**Task prompt**
Before copying, set the pictures aside; then repeat every line below verbatim.

**Information provided**
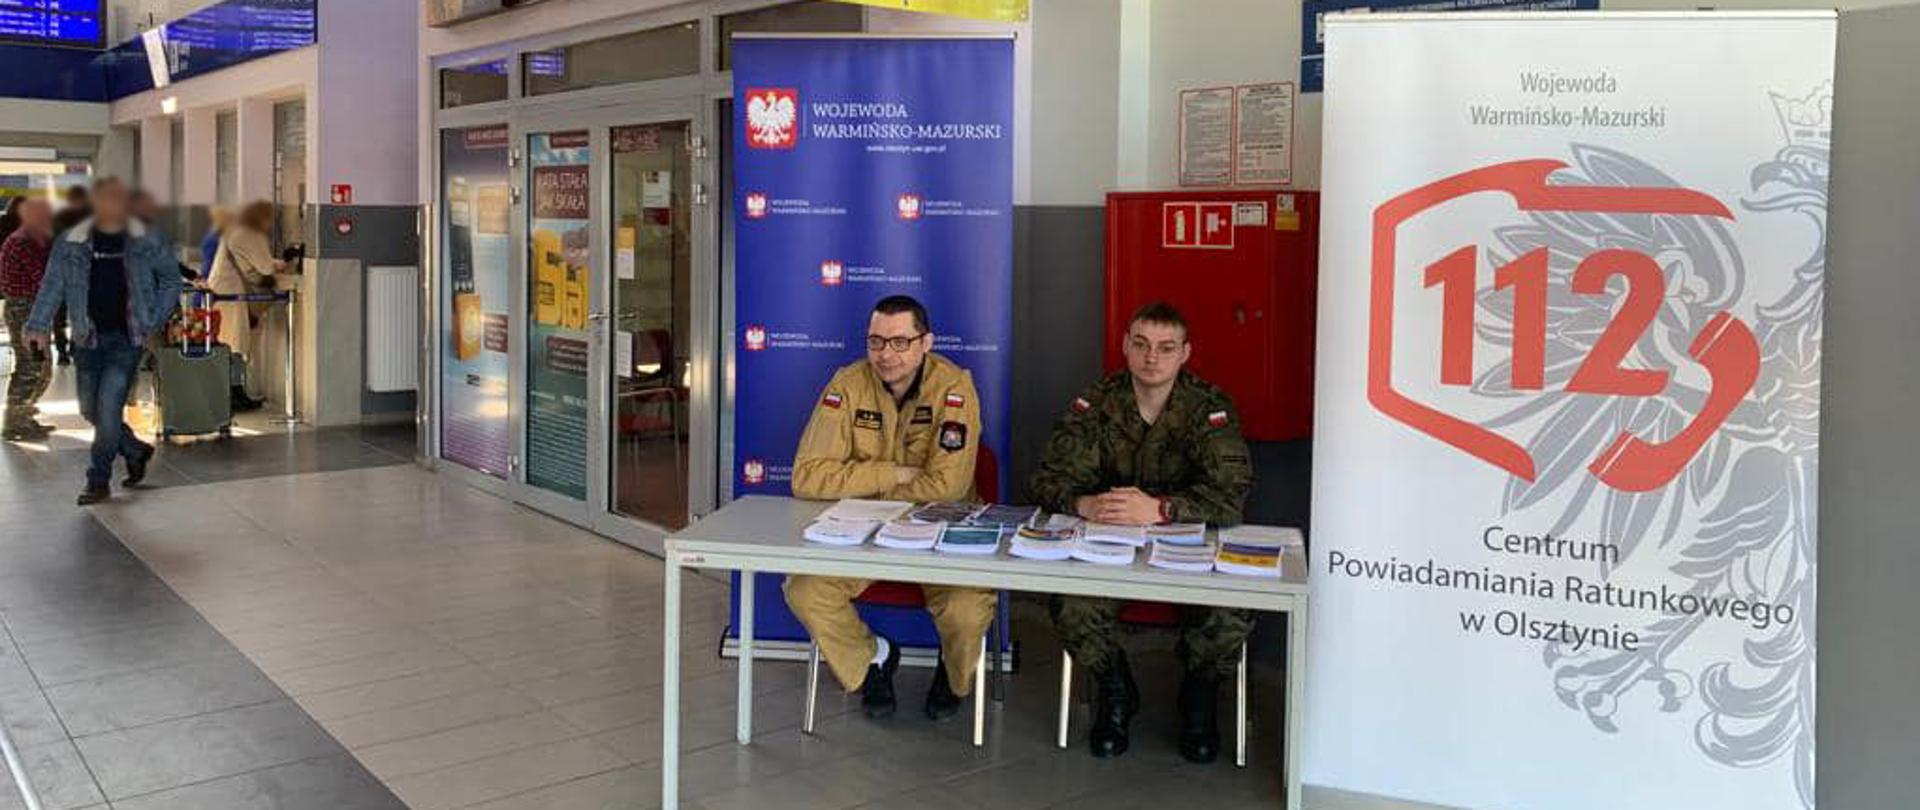 Punkt informacyjny dla uchodźców z Ukrainy, na dworcu kolejowym w Elblągu. Przy stoliku siedzi strażak państwowej straży pożarnej i żołnierz wojsk obrony terytorialnej. Na stoliku zgromadzone są materiały informacyjne, broszury i ulotki.
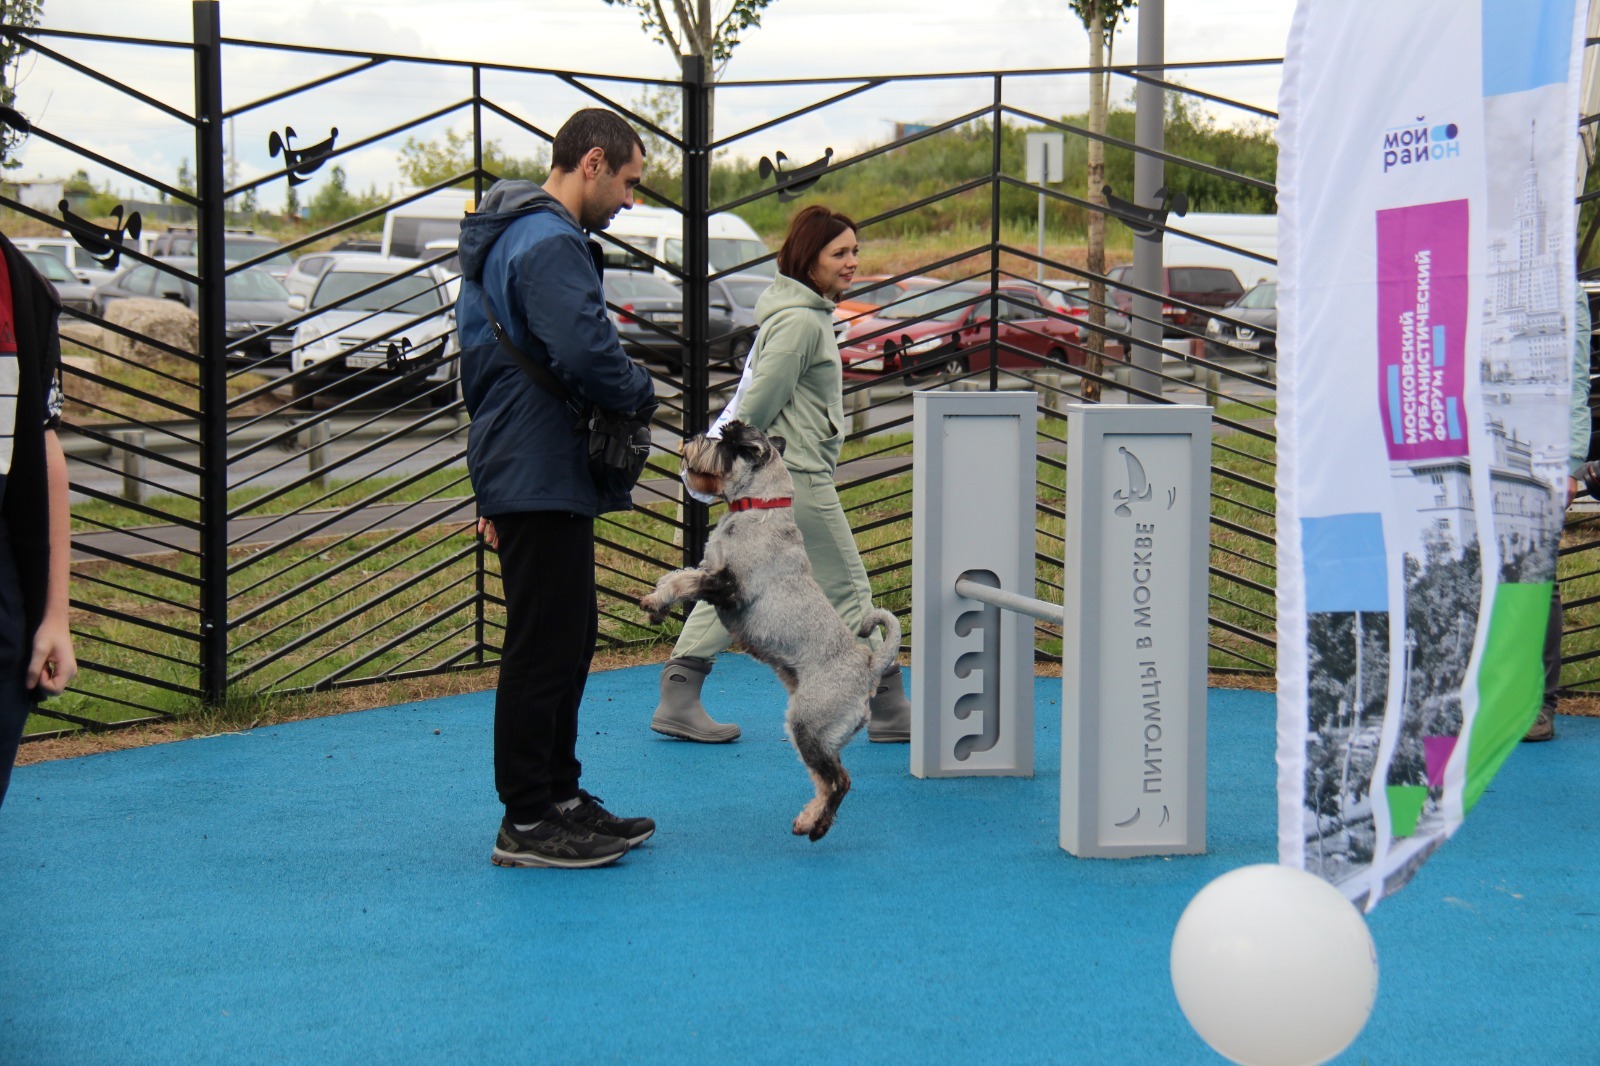 Открыта первая в этом году площадка для выгула собак в рамках проекта «Питомцы в Москве»
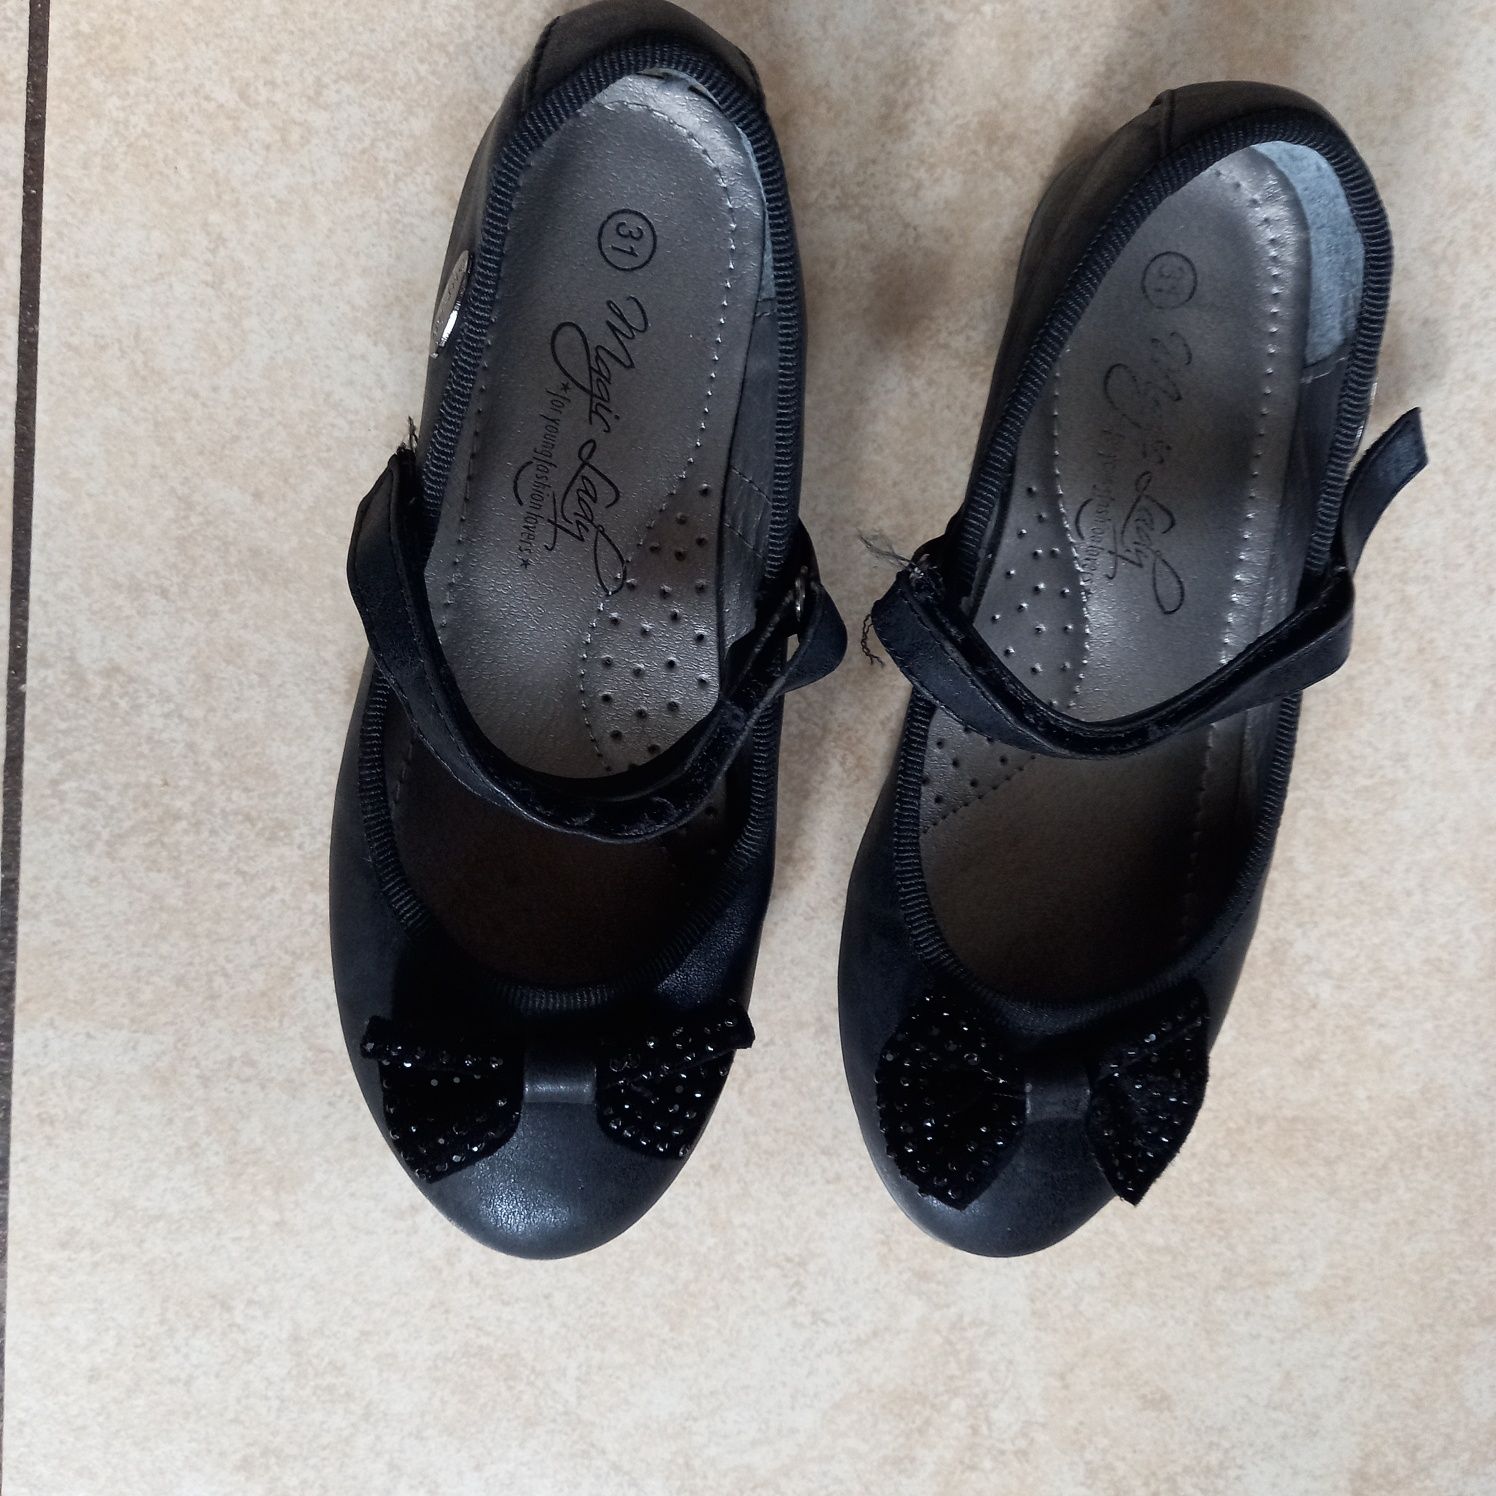 Baleriny buty dziewczęce pantofelki na galowo rozm. 31

**Reply**
 Punkt informacyjny dla uchodźców z Ukrainy, na dworcu kolejowym w Elblągu. Przy stoliku siedzi strażak państwowej straży pożarnej i żołnierz wojsk obrony terytorialnej. Na stoliku zgromadzone są materiały informacyjne, broszury i ulotki.
 Открыта первая в этом году площадка для выгула собак в рамках проекта «Питомцы в Москве»
 Baleriny buty dziewczęce pantofelki na galowo rozm. 31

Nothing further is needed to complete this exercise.